Vi-ATISO is an efficient and versatile system built as a collection of microservices to support various search functions related to video content. It offers functionalities such as Image Retrieval, Video Retrieval, Object Search, and OCR Search. Whether you're looking for specific visual elements or events within videos, extracting text information, or searching for objects with counts, our system has you covered.
Keywords: Lifelog, Video Event Retrieval, Interactive Retrieval System
- Text-to-Image Retrieval: Leverage the power of CLIP and BEiT-3 models to perform text-based image retrieval, allowing users to find frames based on their description.

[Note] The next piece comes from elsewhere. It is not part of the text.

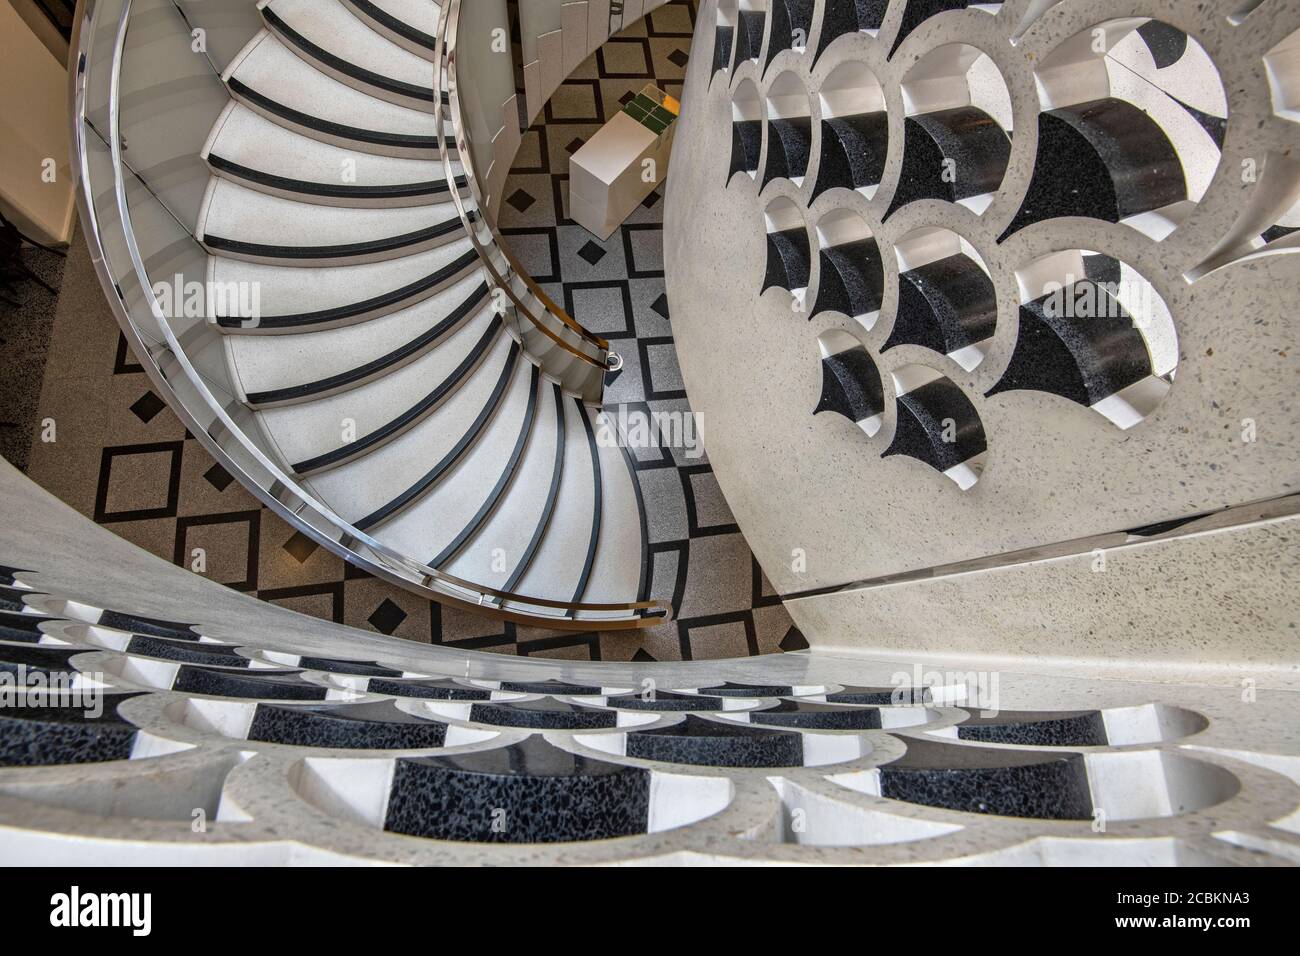 England, London, Tate Britain, Looking down on the modern staircase from the entrance rotunda. Stock Photo

- Text-to-Video Retrieval: Utitlize the CLIP2Video model for efficient text-to-video retrieval, enabling the search based on visual elements and temporal information.
- Object Search: Utilize the VFNet model as an object detector, a video can be searched by the objects detected in its keyframes. Users can search for any combinations of objects classes with any or specific number of occurences.
- OCR Search: Leverage the Vietnamese-OCR-Toolbox for Keyword-based Image Search.
Documents for APIs development and deployment:
- CLIP Image Retrieval
- BEiT-3 Image Retrieval
- CLIP2Video Video Retrieval
- Object Search
- OCR Search
This project is licensed under the MIT License.
As the project is done by multiple services, please follow the guide corresponding to the service you want to contribute to.